## Aim of the task:
For this item, repeat the material exactly while omitting its pictures.

## Data:
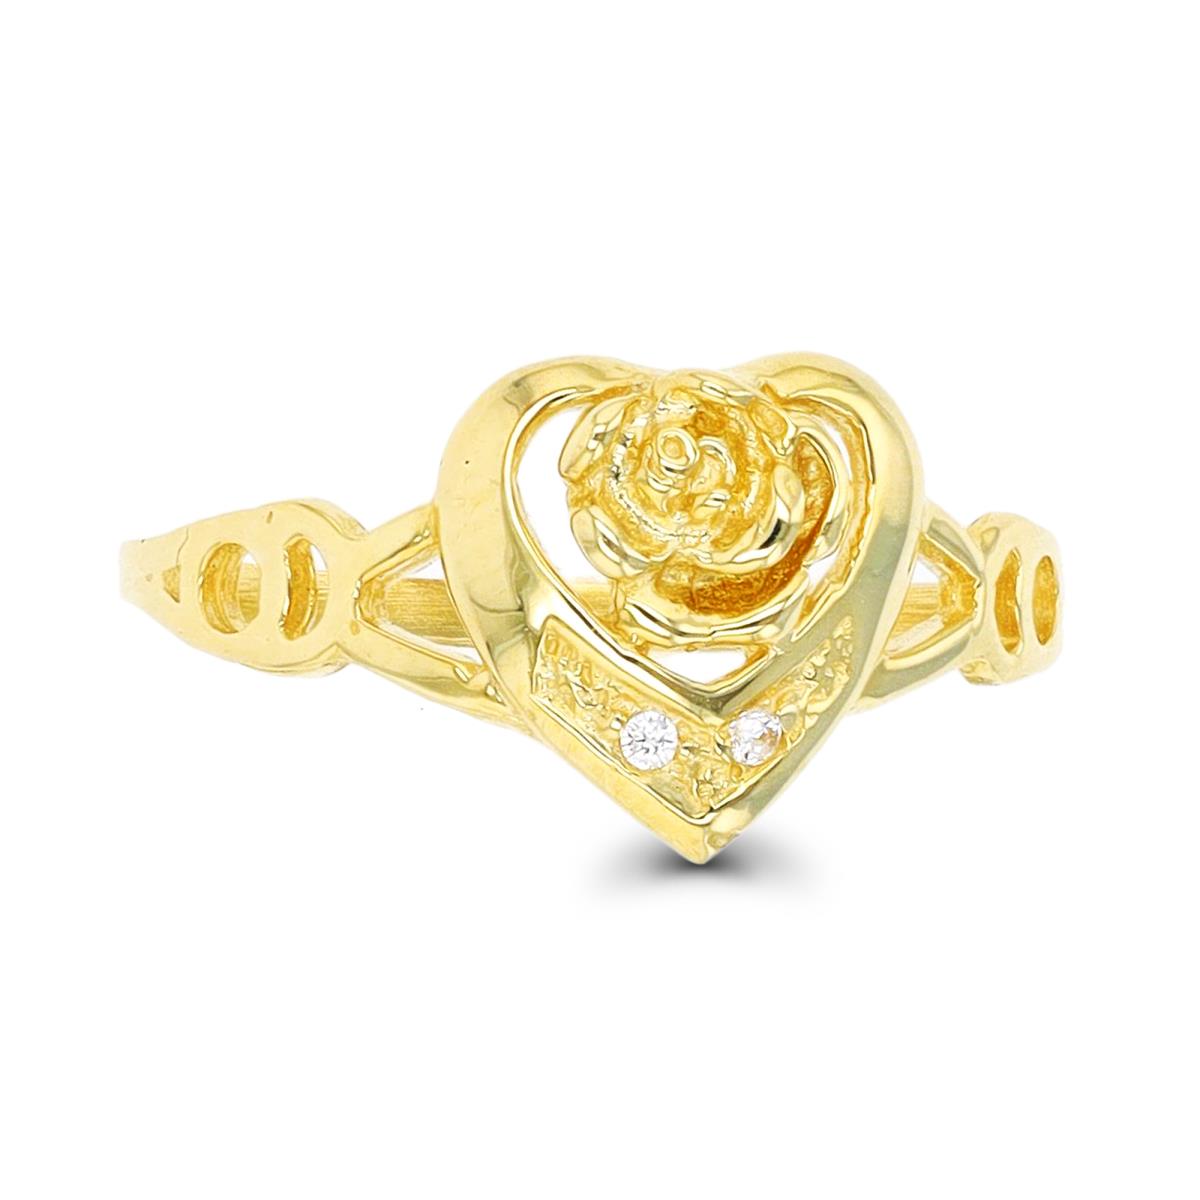 10K Yellow Gold Heart with Rose Fashion Ring
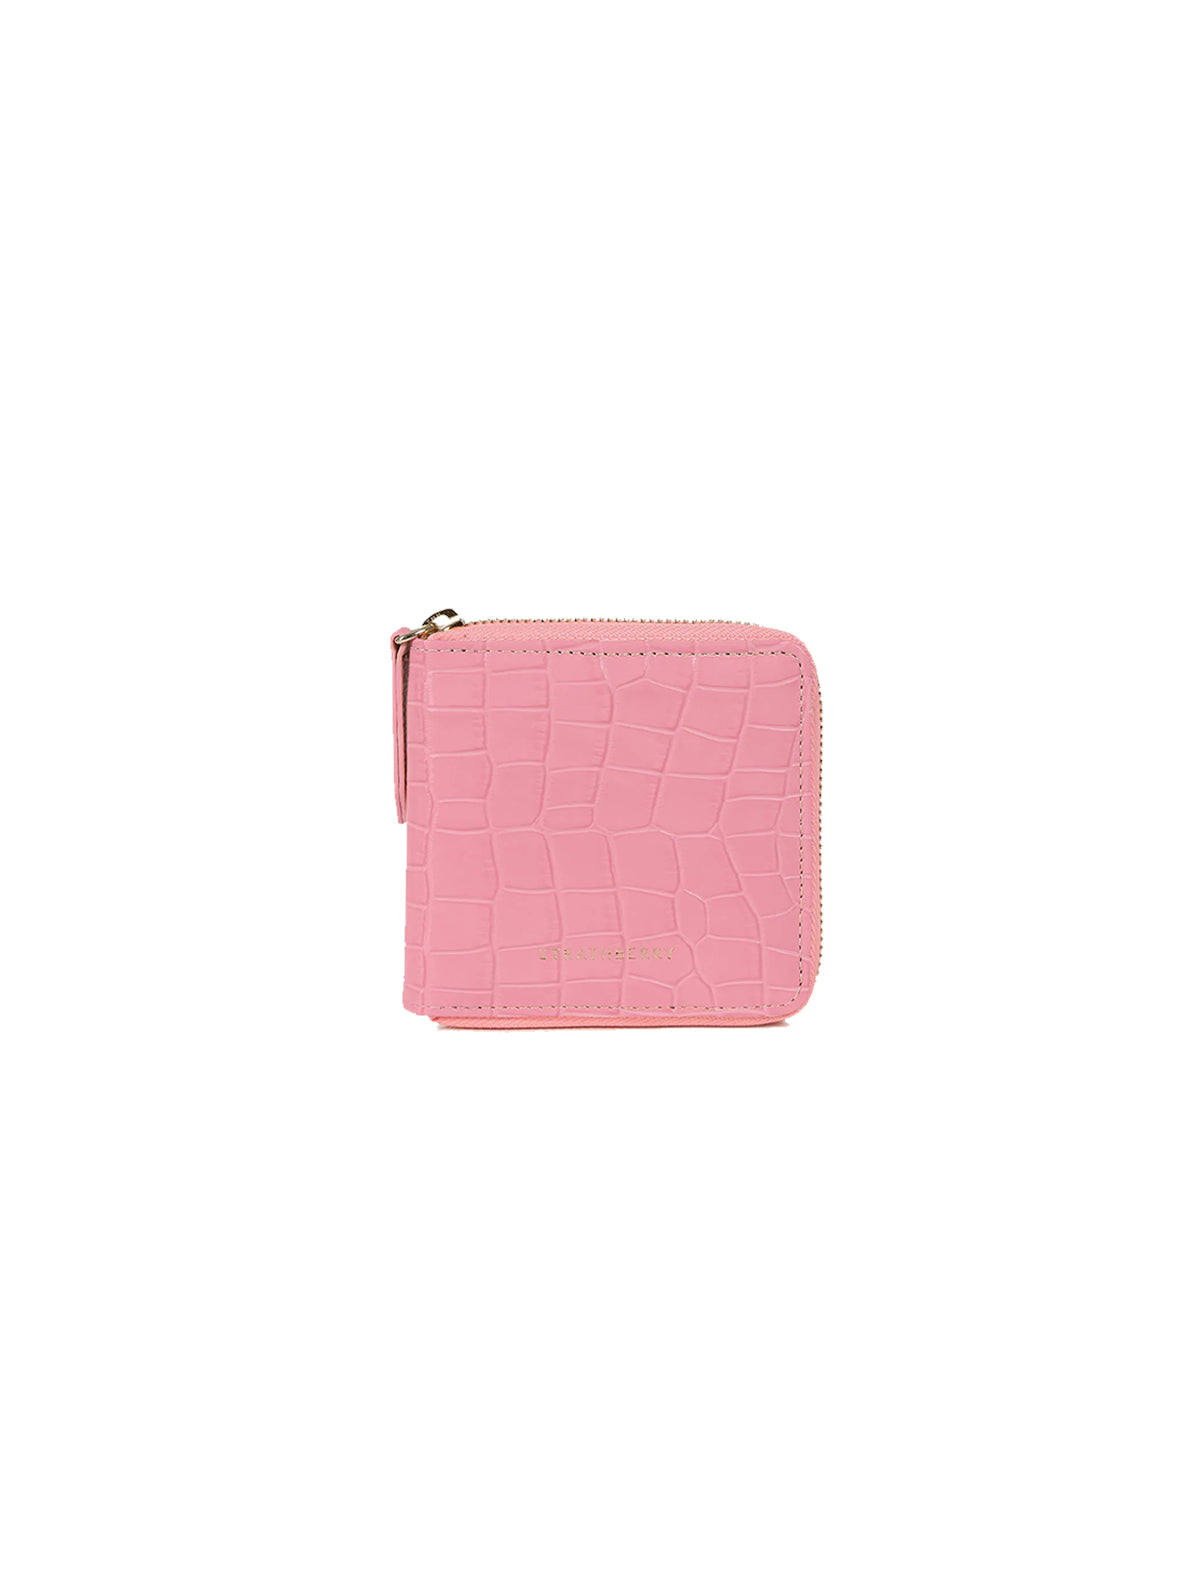 STRATHBERRY Rose Street Wallet Embossed Croc Leather in Caledonian Pink
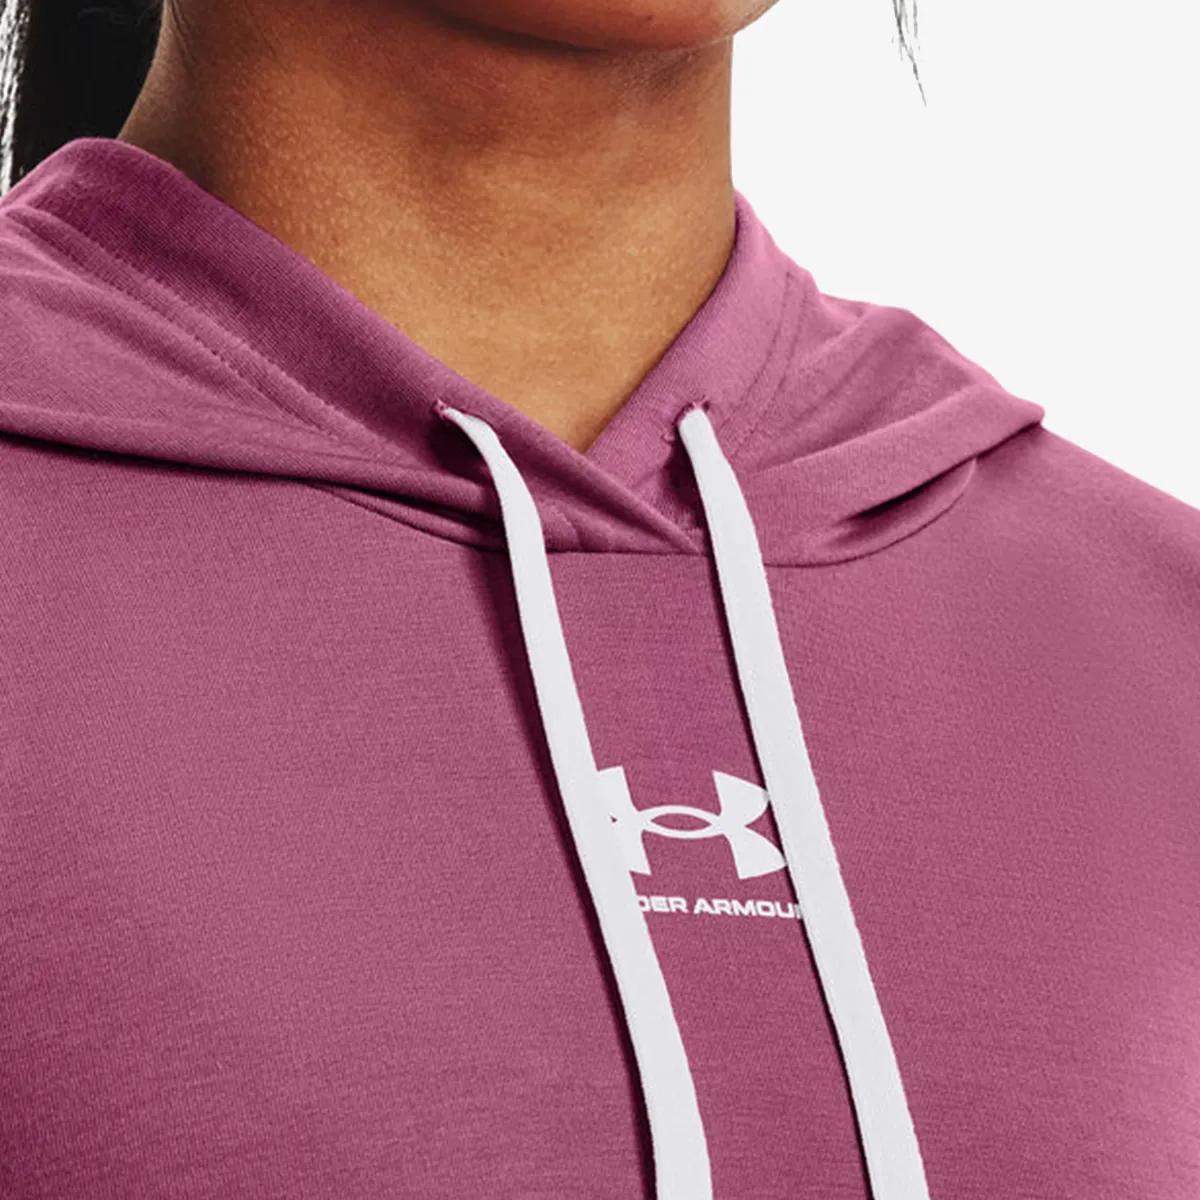 Under Armour Rival 
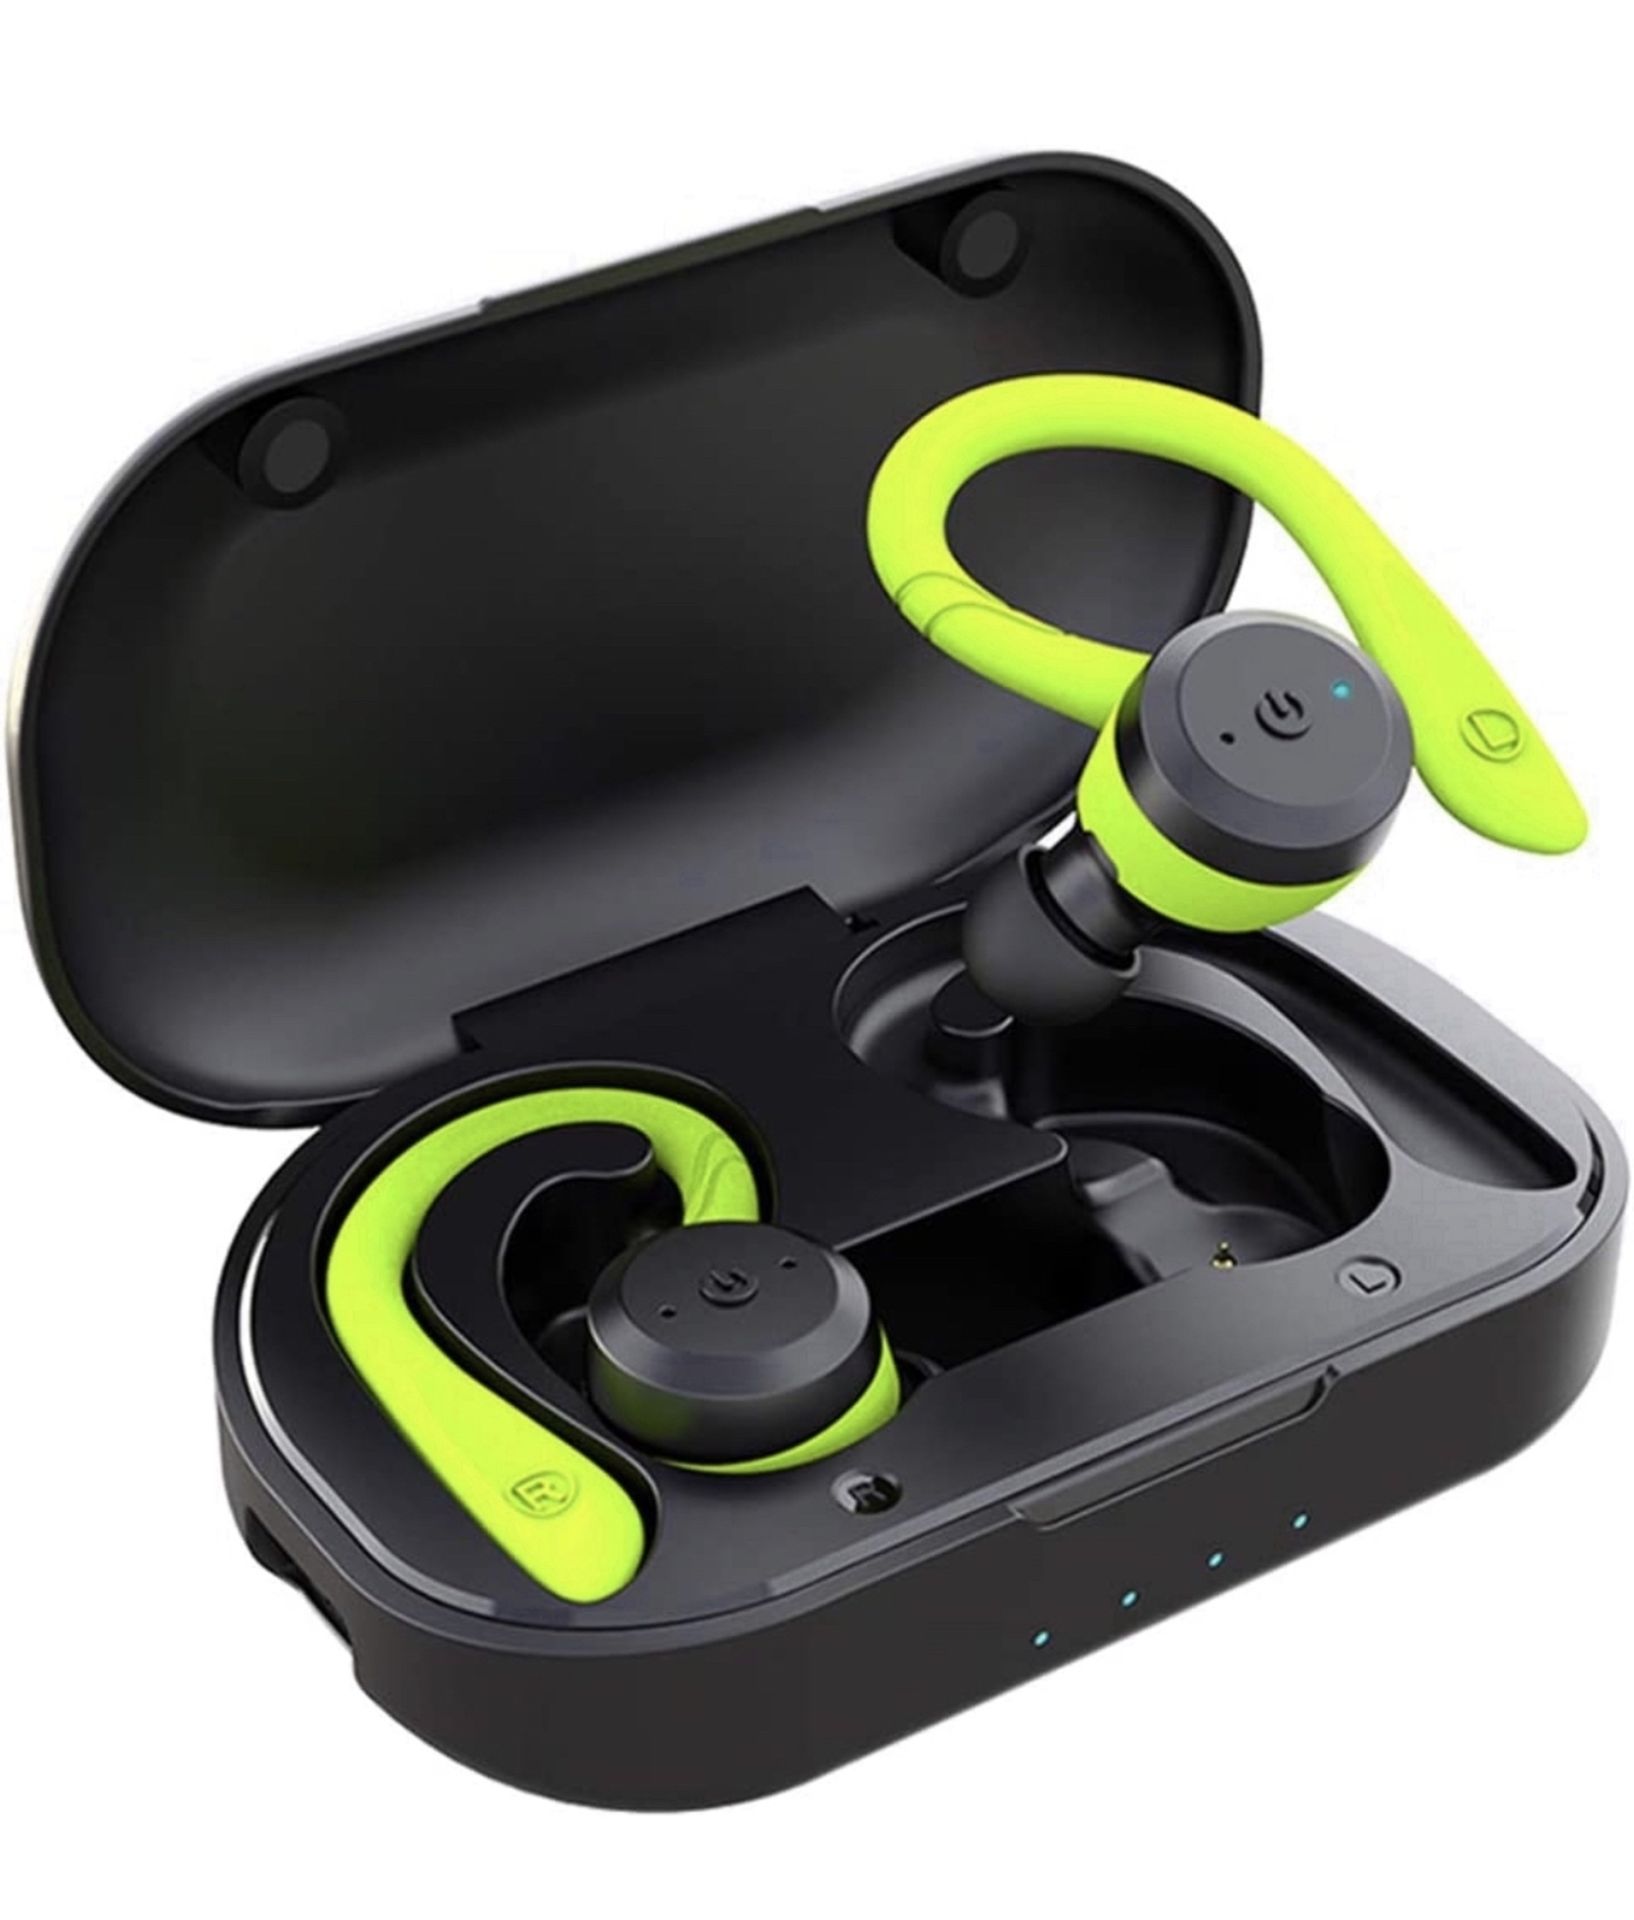 RRP £25.99 Apekx True Wireless Earbuds with Charging Case Premium Sound Built-In Mic

## Solution to this problem:
 10K Yellow Gold Heart with Rose Fashion Ring
 STRATHBERRY Rose Street Wallet Embossed Croc Leather in Caledonian Pink
 Under Armour Rival 
 RRP £25.99 Apekx True Wireless Earbuds with Charging Case Premium Sound Built-In Mic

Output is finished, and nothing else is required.